Figure S7.
Branching and Annihilating Random Walks as a Generic Framework to Understand Pathologies and Other Branched Organs, Related to Figures 6 and 7
(A and B) Simulations using control parameters, but in an anisotropic setting lead to a similar phenomenology of a self-organized pulse of active tips at the edge (section of a simulated tree shown on [A]), although with decreased tree heterogeneity ([B], n = 3 kidneys for each time point).
(C) Section of a E17 murine kidney, displaying collecting epithelial ducts (green, stained for cytokeratin 8) and a nephrogenic zone positioned at the growing periphery of the tissue: glomeruli (used as a proxy for maturing nephrons) stain with both the red (laminin, renal basement membrane) and blue (podocalyxin for podocytes in the glomerulus) channels and appear pink. Bifurcating tips (white arrows) can also be observed at the tissue periphery.

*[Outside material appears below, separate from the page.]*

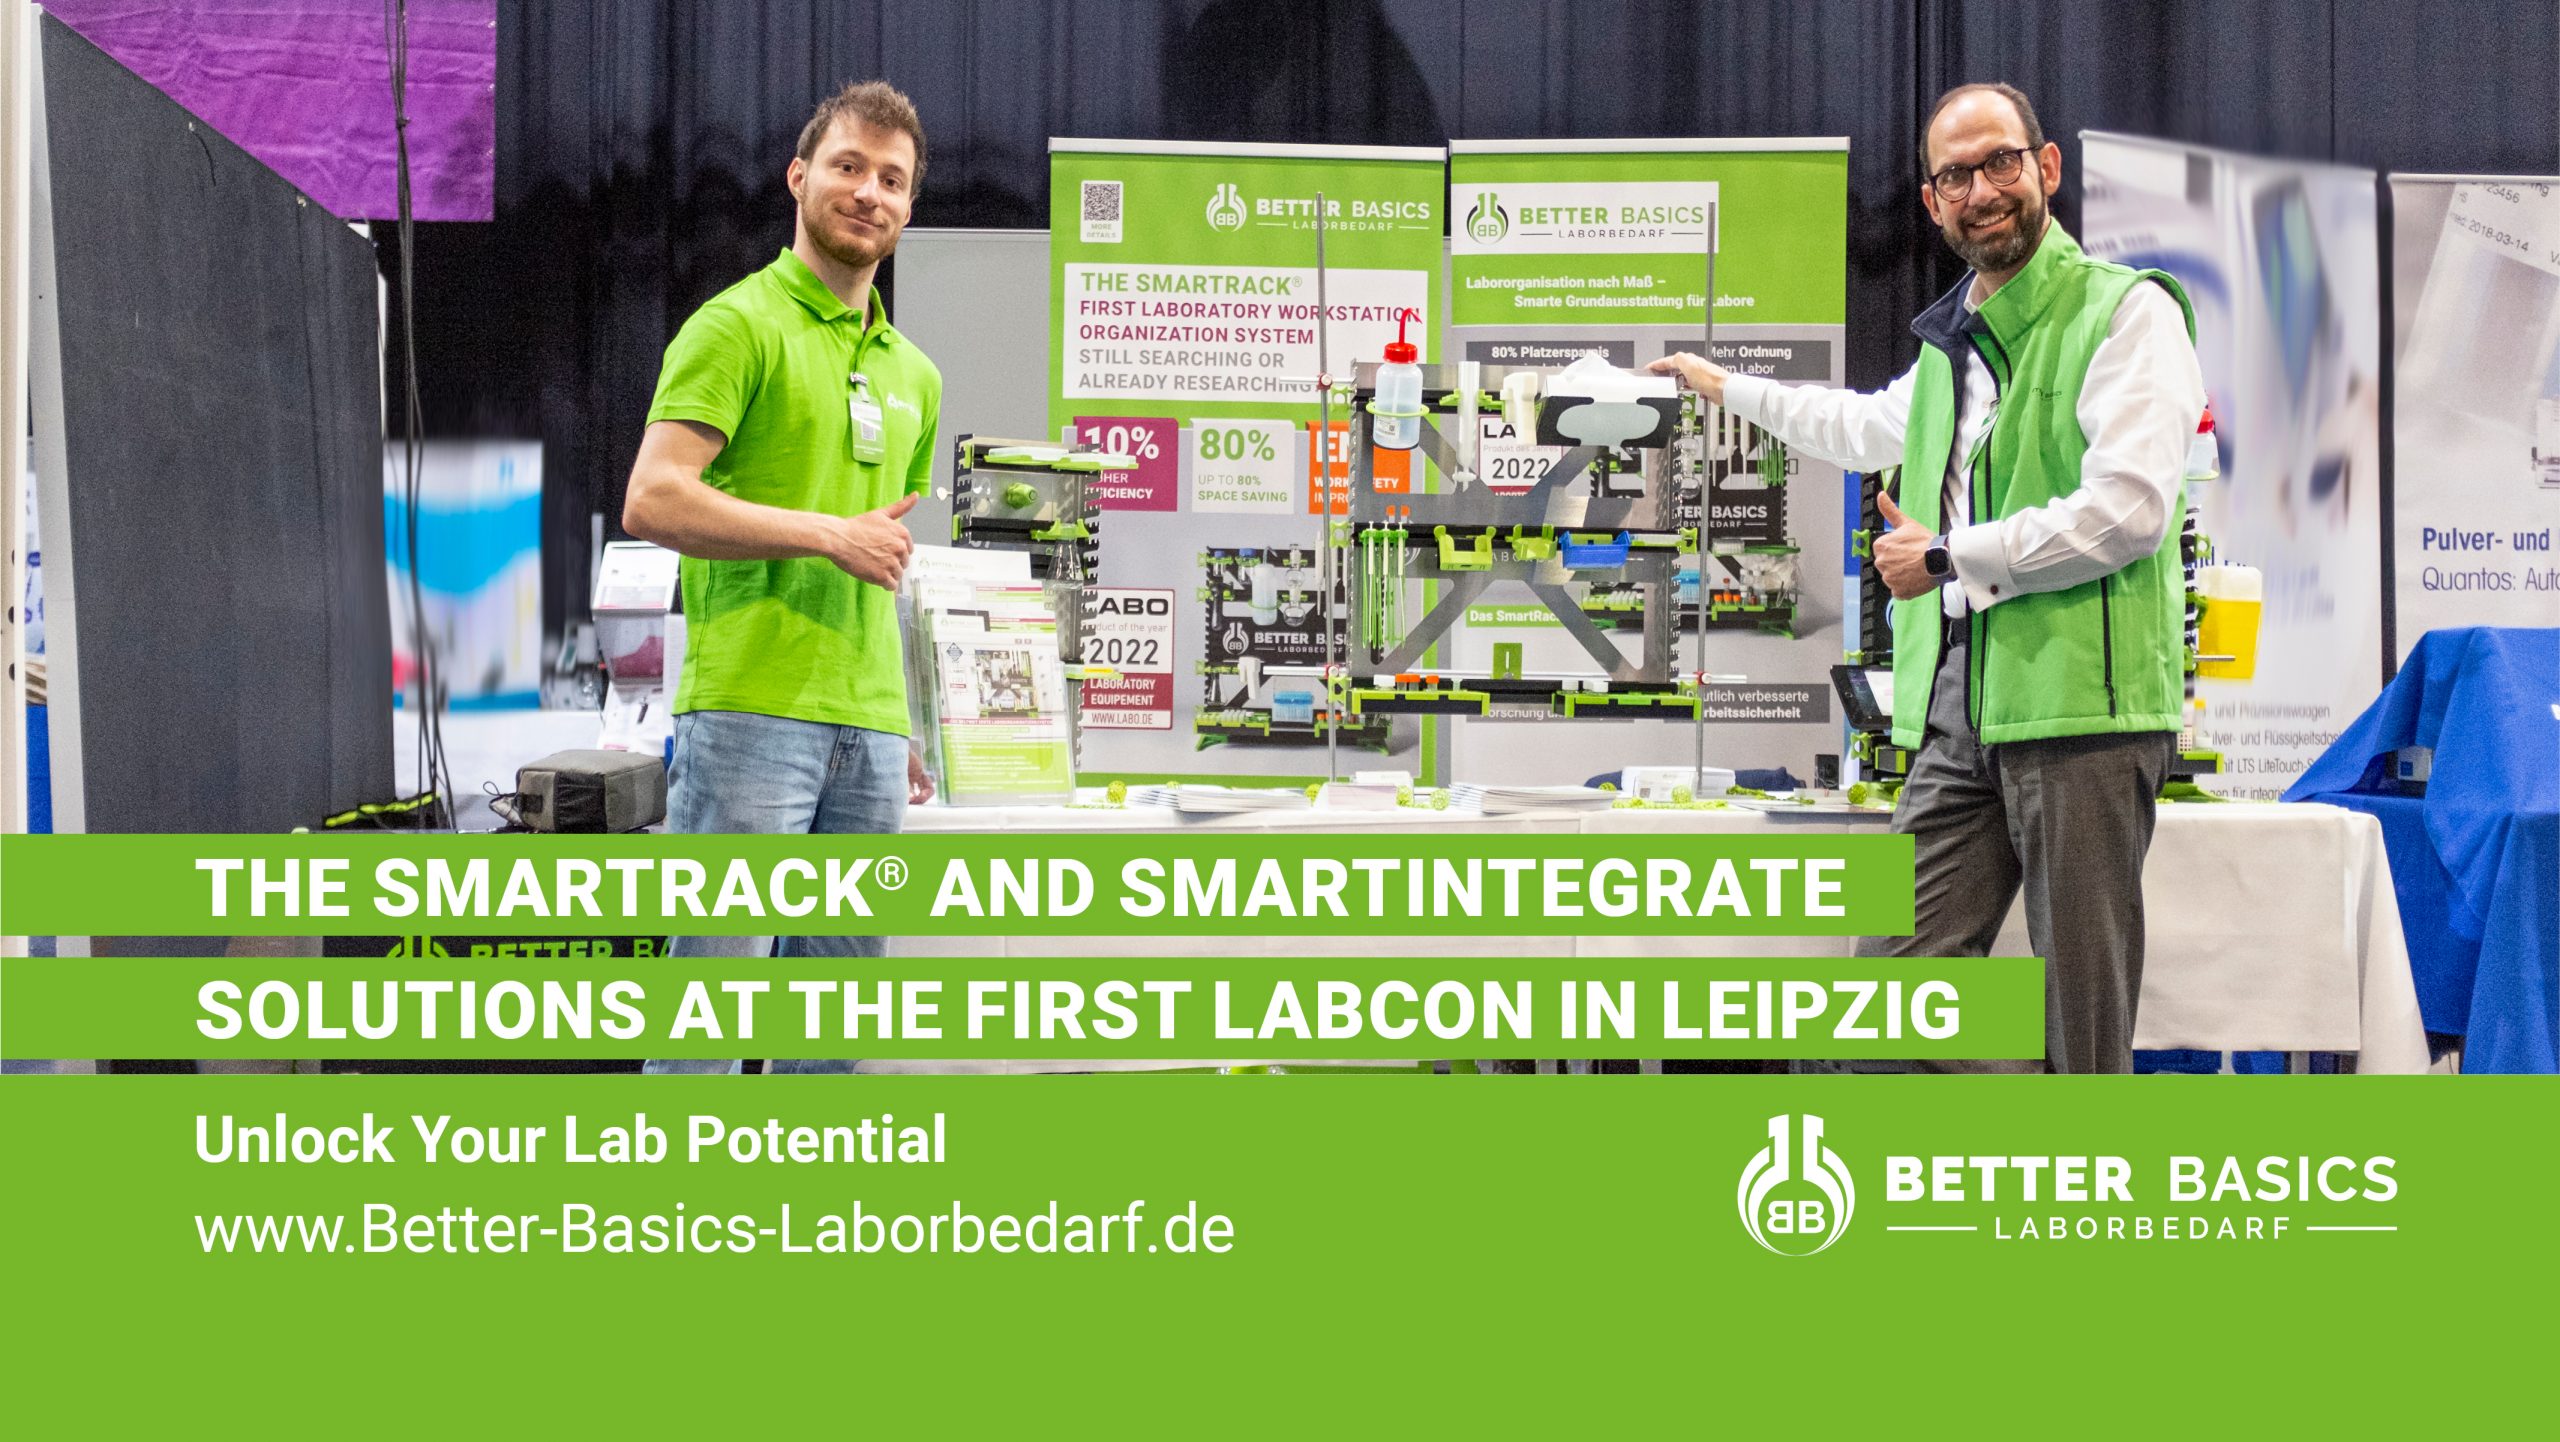 The SmartRack® and SmartIntegrate solutions at the first LabCon in Leipzig, Germany
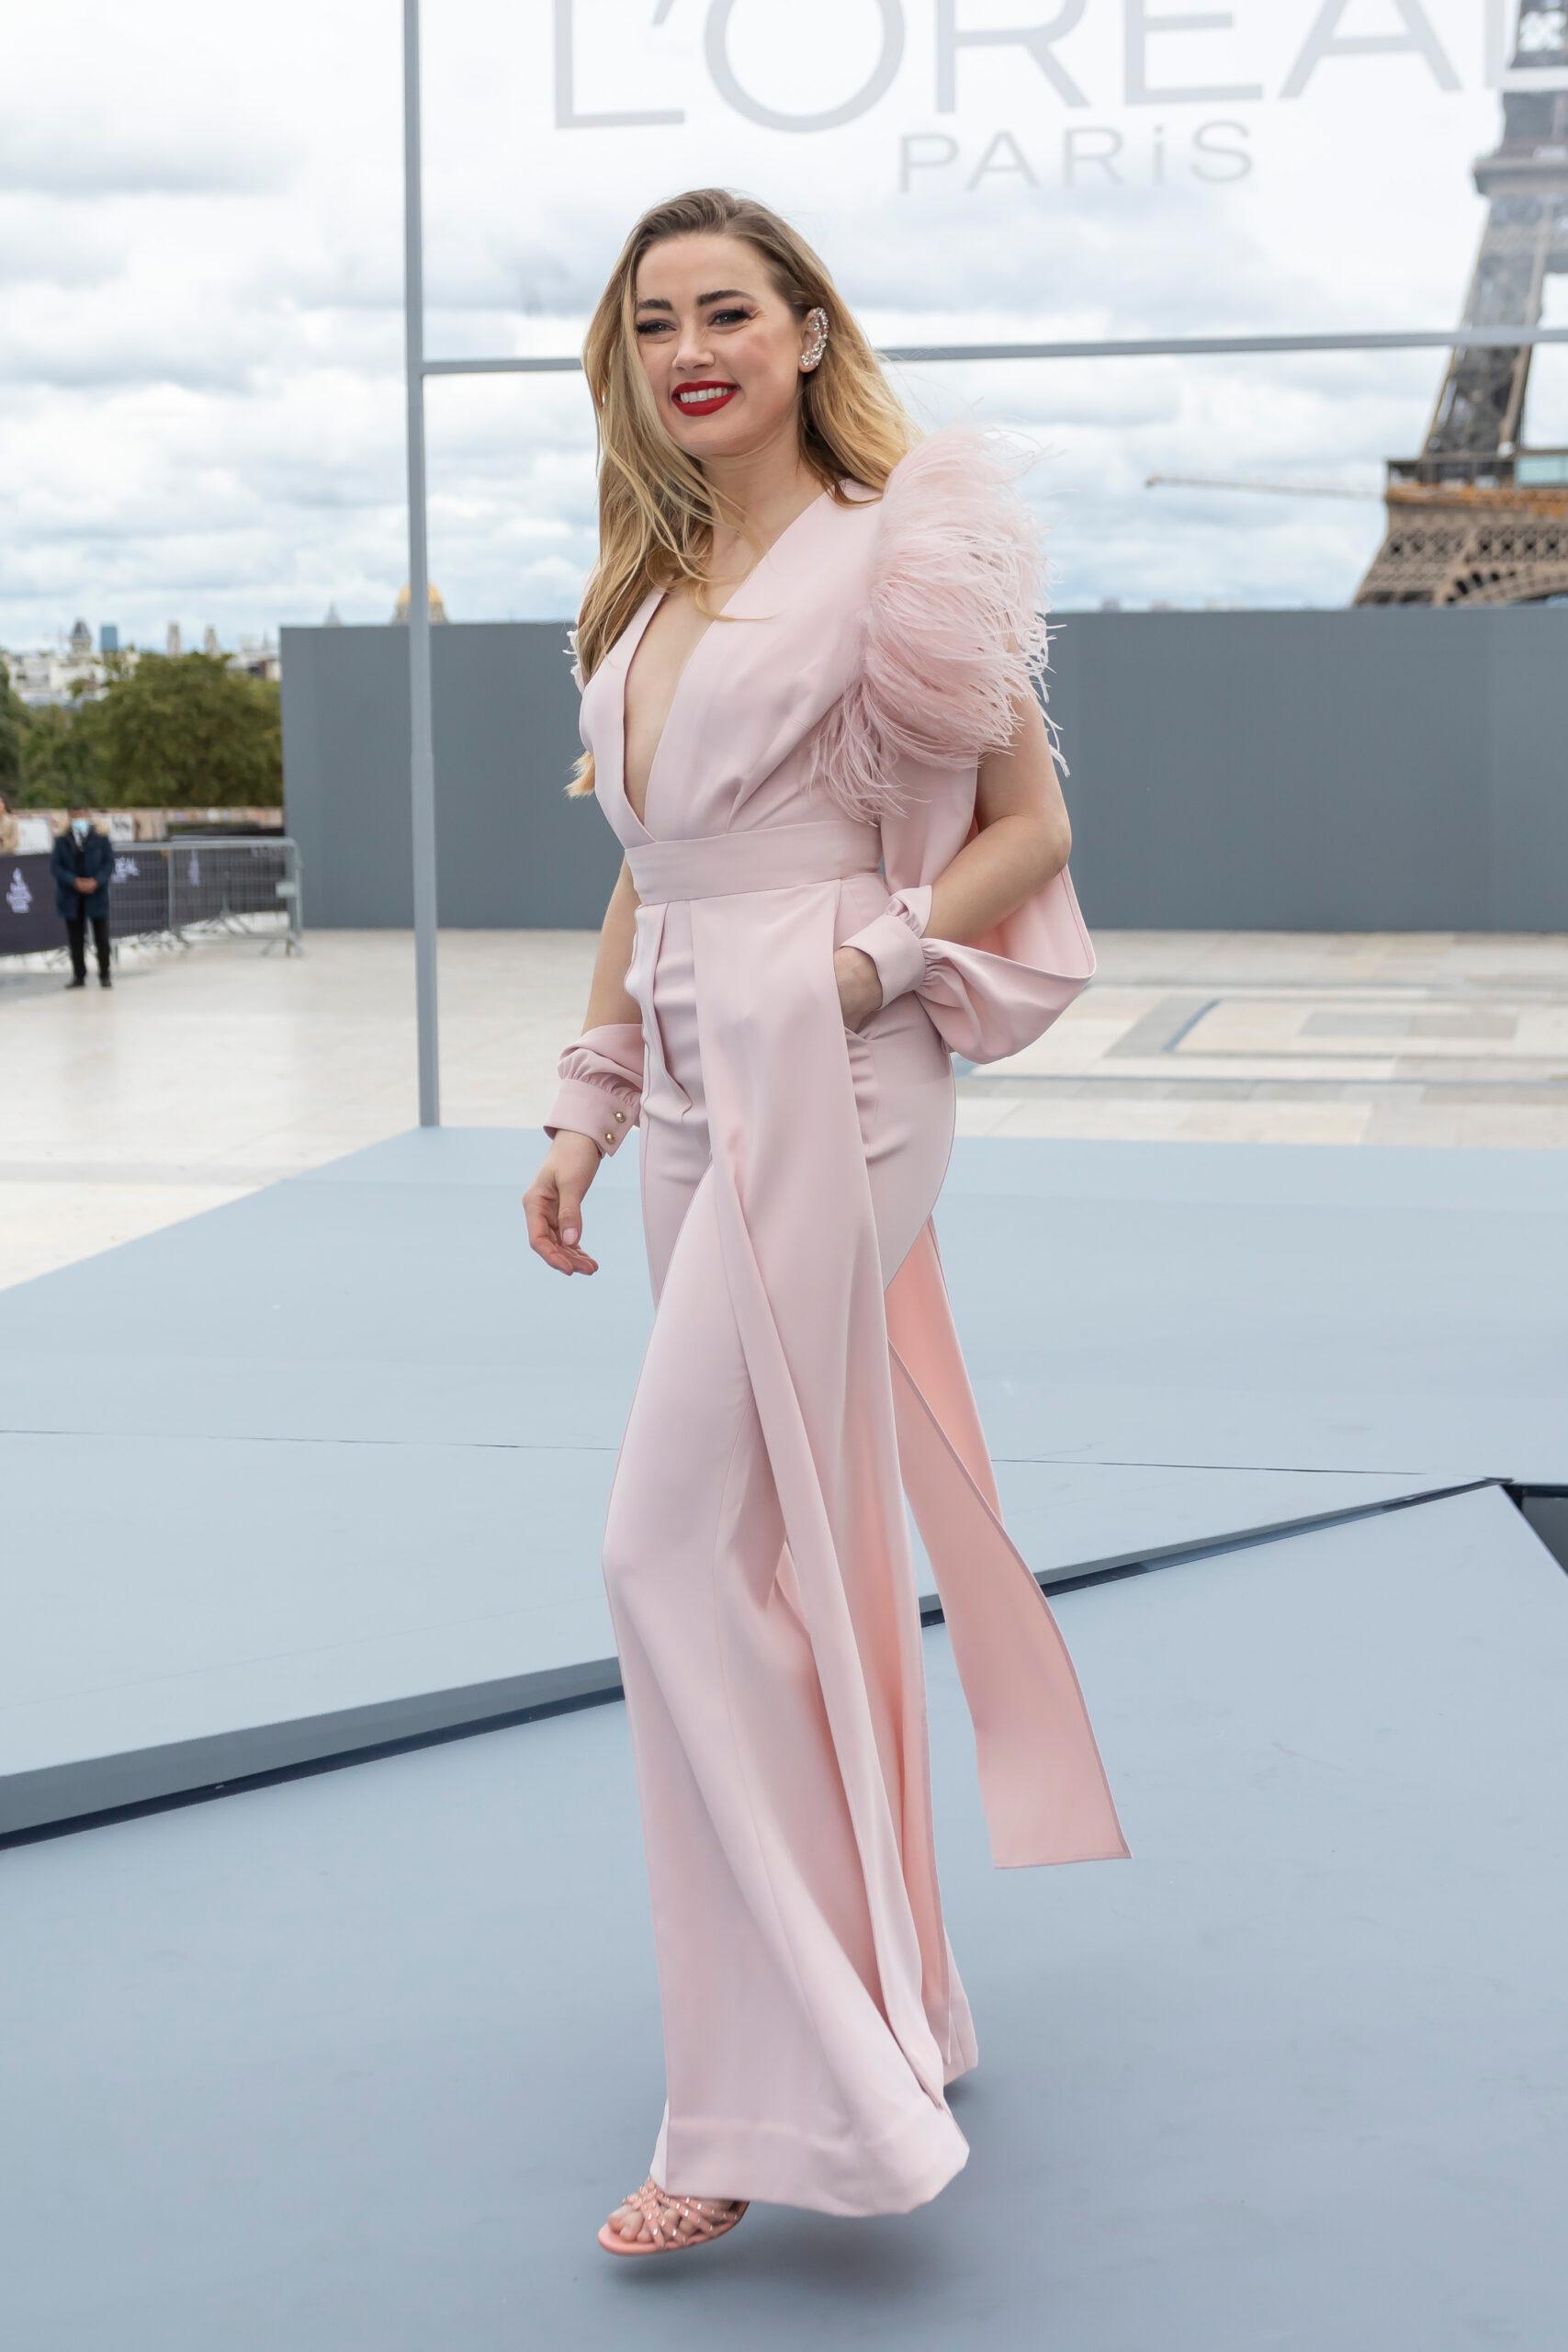 Amber Heard at the Le Defile L'Oreal Paris 2021 during the Fashion Week

(D) Theoretical number of inactive particle (i.e., nephrons, measured via glomeruli numbers experimentally) as a function of tip (active of inactive) number (data: black squares), both for the control model described in the main text with time-invariant parameters (purple line), and for time-varying parameters (with R′a = 0.125 before E15 and R′a = 0.5 afterward), which an absence of power-law scaling (green curve).
(E) Typical output of a numerical simulation from the phase diagram of Figure 7F, for an annihilating radius Ra = 2.5, with systematic tree survival through an initial excess of branching compared to termination.
(F and G) Two typical outputs of numerical simulations from the phase diagram of Figure 7F, for an annihilating radius Ra = 3.9, i.e., close to the critical point. Simulated trees then stochastically self-annihilate at varying sizes, from rudimentary trees [F]) to complex structures (G).
(H and I) Two typical outputs of numerical simulations of a E15 kidney, using the default model parameter (H) and an averaged branch length halved (I), mirroring Vitamin-A deficient kidneys.
(J) Experimental versus theoretical average number of branches per generation in E15 kidneys for wild-type (purple) and Vitamin-A deficient mice (green, data from Sampogna et al., 2015), along side the theoretical predictions from the simulations shown in (H) and (I).
(K) Two examples of tree topology from the three-dimensional reconstruction of a subunit of human prostate, displaying heterogeneity and numerous early termination events.
(L) Tip termination probability as a function of generation, for n = 5 human prostates, showing a rapid convergence toward a balance between tip termination and tip branching (green horizontal line).
(M) Subtree (defined as starting at generation 6) heterogeneity, assessed via its cumulative size distribution.
(N) Numerical simulation of a four species Turing-Meinhart system (see STAR Methods for details and parameters). We represent a density plot of the concentration of the activator a, which localizes at the growing tip. High concentrations are color-coded in yellow and low concentration in blue. The system performs branching and annihilating persistent random walks, and could therefore serve as a molecular basis for our model.
Error bars in (B) and (H) represent mean and s.e.m and in (I) a confidence interval of 1 s.d. In (A) and (E)–(I), active tips are red, inactive tips yellow, and ducts black. Scale bars: 200 μm.